YU Yureka
- Manufacturer: YU
- Type: Touchscreen smartphone
- Series: YU
- First released: January 2015
- Successor: YU Yureka Plus
- Related: YU Yuphoria
- Compatible networks: GSM/GPRS/WCDMA/LTE LTE TDD B40 2300MHz LTE FDD B3 1800MHz WCDMA 900/2100MHz GSM 900/1800/1900MHz
- Form factor: Phablet
- Dimensions: 154.8 mm (6.09 in) H 78 mm (3.1 in) W 8.8 mm (0.35 in) D.
- Weight: 155 g (5.5 oz)
- Operating system: CyanogenMod 11 based on Android 4.4.4 "Kitkat" Upgradable to CM 12.1 based on Android Lollipop 5.1.1, Android 6.0 expected
- System-on-chip: Qualcomm Snapdragon 615 MSM8939
- CPU: (ARM Cortex-A53 1.7 GHz CPU + ARM Cortex-A53 1.0 GHz CPU)
- GPU: Adreno 405
- Memory: 2 GB DDR3
- Storage: 16 GB (12.8 User Available)
- Battery: 2500 mAh Li-ion
- Rear camera: Sony IMX214 BSI 13 megapixels with 5P lens architecture List LED flash ; HD video (1080p) at 30 frames/s (fps) 720p slow motion video recording at 60 FPS ;
- Front camera: 5 megapixels with 71° Wide Angle lens
- Display: 1280x720 px (267 ppi), 5.5 in (140 mm) diagonal, IPS LCD capacitive touchscreen, 16M colors
- Connectivity: List Wi-Fi :802.11 a/b/g/n/ac (2.4/5 GHz) ; Wi-Fi hotspot ; GPS ; Bluetooth 4.0 BLE; USB 2.0 (Micro-B port, USB charging) ; 3.50 mm (0.138 in) headphone jack ;
- Data inputs: List Accelerometer ; Gyroscope ; Proximity sensor ; RGB ambient light;
- Model: AO5510
- Development status: Discontinued
- SAR: 0.270W/kg @ 1g (head) and 0.576 W/kg @ 1g (body)
- Website: http://www.yuplaygod.com/yureka

= YU Yureka =

Android-based cyanogen smartphone

YU Yureka is an Android-based Cyanogen smartphone produced by YU Televentures, a subsidiary company of Micromax Informatics. It has a caption "Play God". The device was released in January 2015 exclusively on the Amazon India website at a price of INR 8,999. It is the first phone from the Yu brand and offers great specifications at low prices, focusing on the increased customisation options offered by the CyanogenMod operating system that Yu preloads onto its devices. The Yureka (Review) and Yuphoria (Review),

==Specifications==
Volume rocker button is located on the left side and the power/standby button on the right. The 3.5 mm audio-jack is located on top and the micro USB charging and data transfer port is located on the base. There is no Micromax branding on the phone, instead, the YU brand name in a light blue colour is visible on the back.

===Hardware===

====Processor and storage====
It's powered by the 64-bit ARMv8 Qualcomm Snapdragon 615(MSM8939) system on chip which houses an octa-core processor and the Adreno 405 GPU clocked at 550 MHz. It comes paired with 2 GB of DDR3 RAM and offers 16 GB of storage of which 12.8 GB is available to the user.
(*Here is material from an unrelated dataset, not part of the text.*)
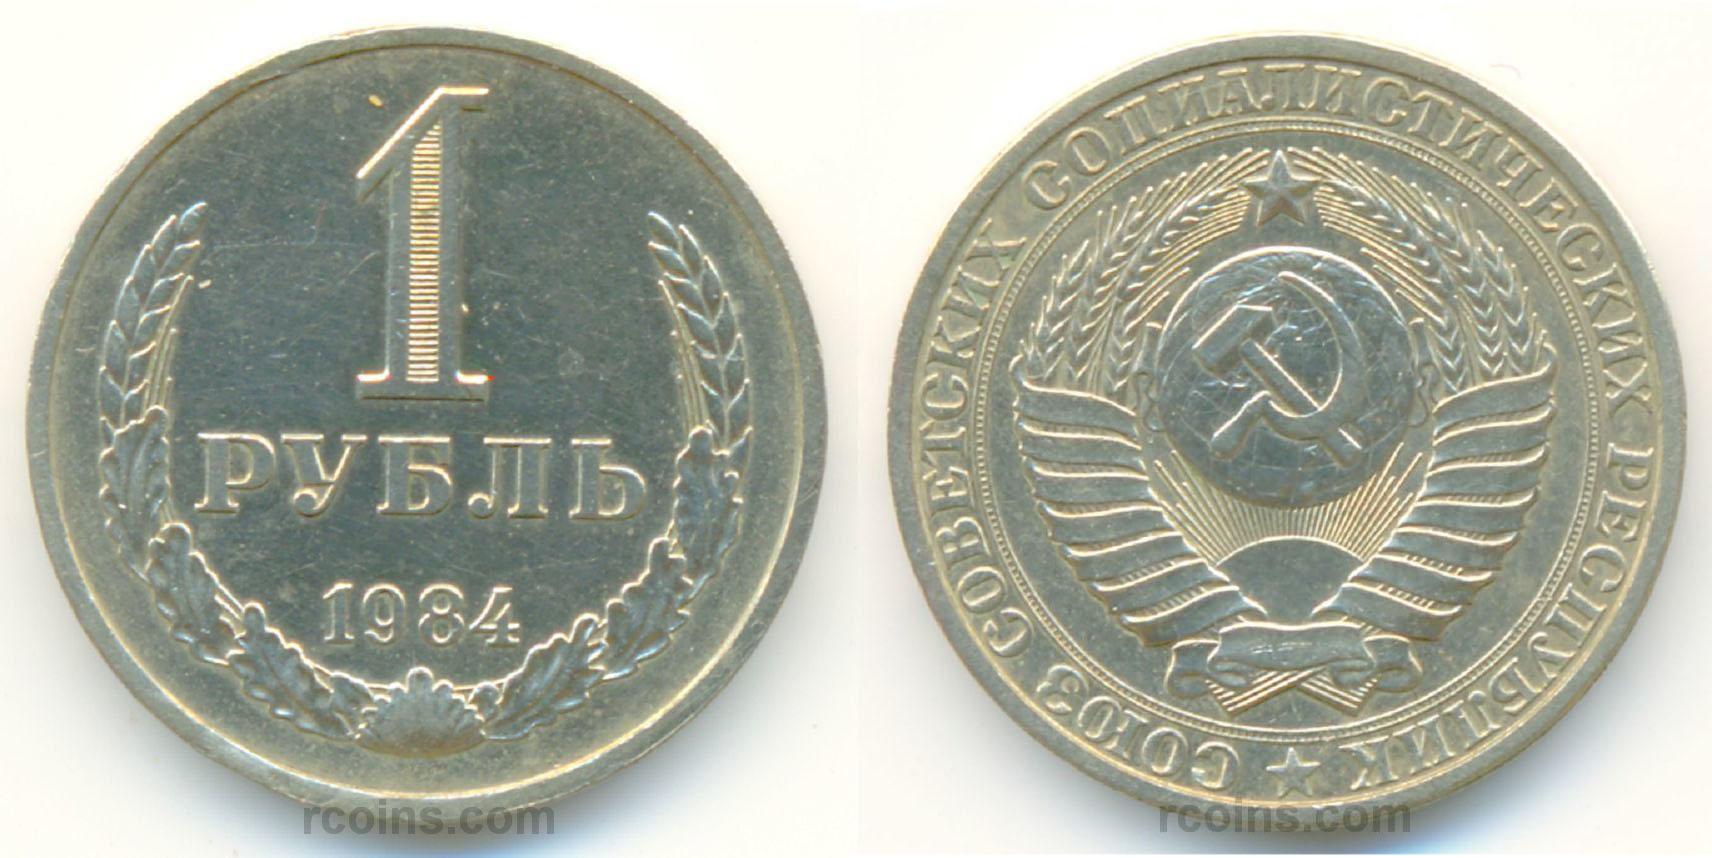 a1-rubl-1984.jpg

The storage is expandable via the microSD card slot by 32 GB.

====Display====
The 5.5-inch(Plus Version) IPS panel display comes with Corning Gorilla Glass 3 protection. The resolution of the display is 1280*720 which accounts to 267 PPI pixel density.

===Software===
It runs on the Cyanogen 11 ROM based on Android KitKat 4.4 which is Upgradable to Cyanogen 12S based on Android 5.0.2 Lollipop. Official Cyanogen 12 ROM based on Android Lollipop 5.0.2 is also released for the Yureka. Official Cyanogen 12.1 OTA update based on Android Lollipop 5.1 was also released for the Yureka in September 2015. Also an incremental update was released in April 2016.
YU has included some of its special apps on the phone such as AudioFX, ScreenCast, Themes and YUniverse.

The Yu Yureka houses a 2500 mAh battery. The phone comes with a 1 A charger, so it takes about 2 hours for 0 to 100.